Overcoming the fear

Discussion in 'Family, Friends and Relationships' started by Serpentine Offering, Nov 26, 2007.

  1. Does anyone ever get that cringing fear of just the thought of being in a relationship with someone?

    I cannot, for the life of me, have a boyfriend without ending up deathly afraid of him, or the relationship itself.

    I have held myself back from dating for the reasons being one, some, or all of these:

    1. He will physically hurt me.
    2. He will break my heart.
    3. He will sexually assault me. [the one I am most terrified of]

    No matter how much I may know him or trust him. It happens every time. But only when the possiblity of relationship happens. I have no problem having guy friends.

    Is there something I can do, or something you can just inspire me on, to help me lighten up? Or maybe tell me why I am this way?

    Also, when I was very little. 3 or 4, maybe.
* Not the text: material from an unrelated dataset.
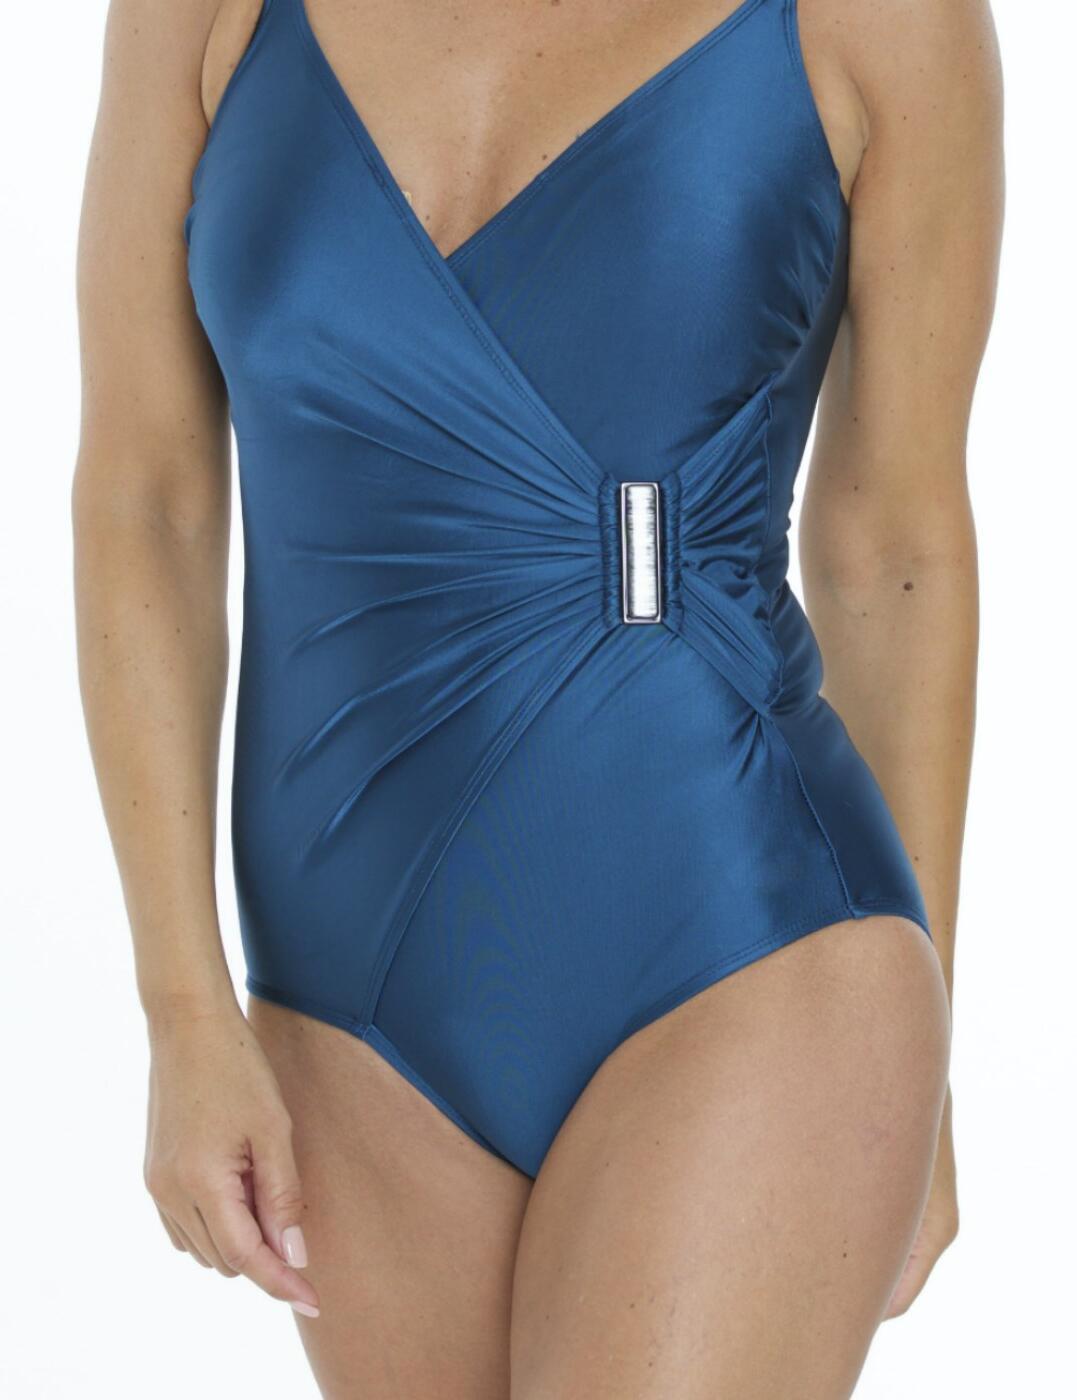 05-2112 SeaSpray Casablanca Side Buckle Swimsuit  - 05-2112 Teal
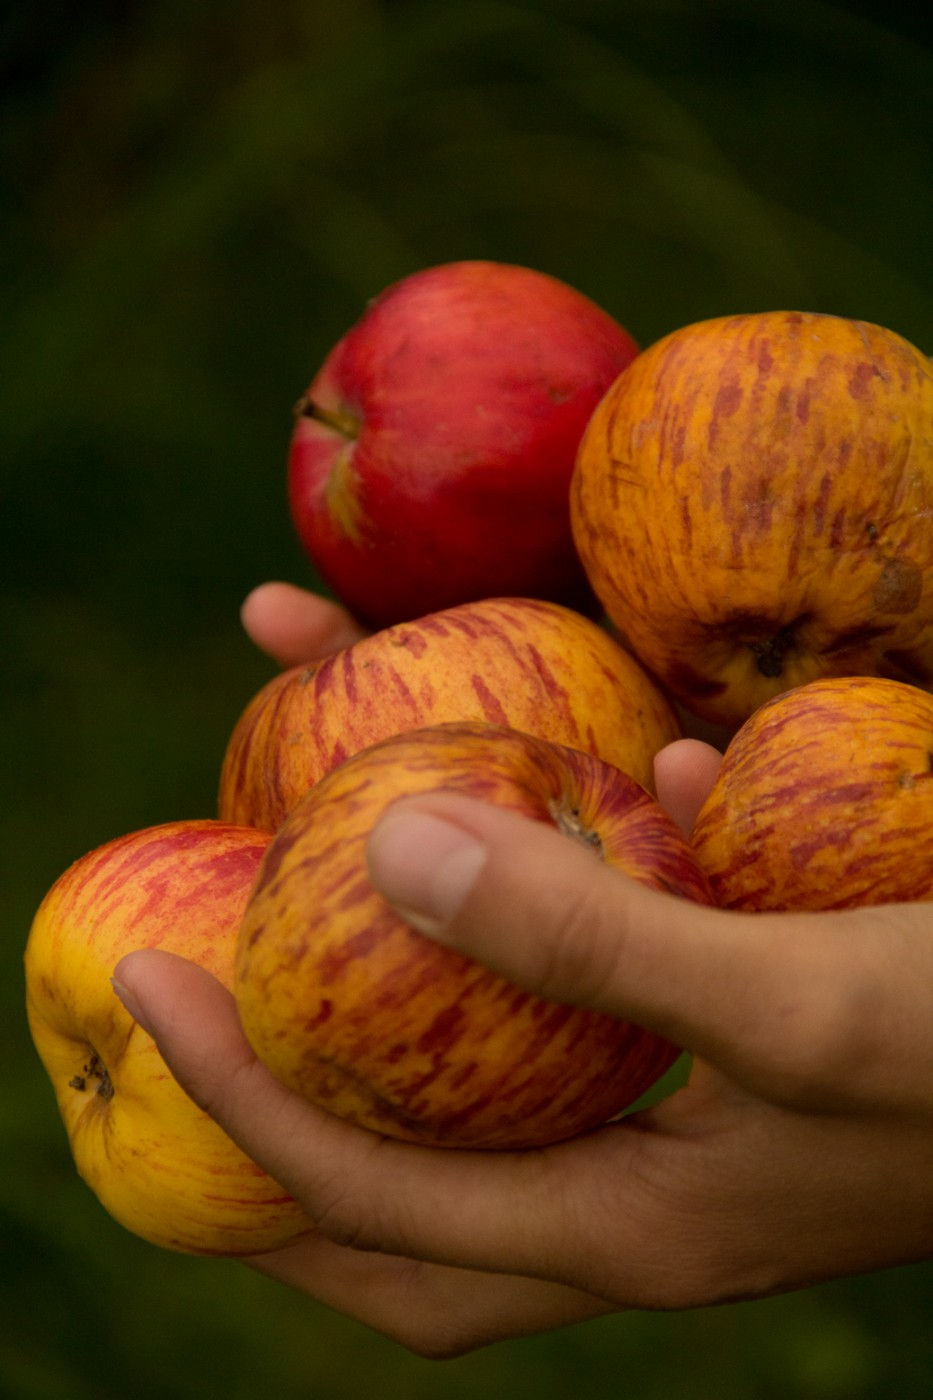 Tausendsassa Apfelessig

I was molested by my father. I don't feel like it has an effect on any of this. But could that have anything to with it?

    even though I'd rather take a risk, than not, this is upseting to me. As I feel like I'm missing out big time.

    And I know, I know. You're probably thinking "Just be happy you're even able to get a date." Well, I am. But what's the point if I let these emotions of horror control me?

    Does anyone have any advice for moi?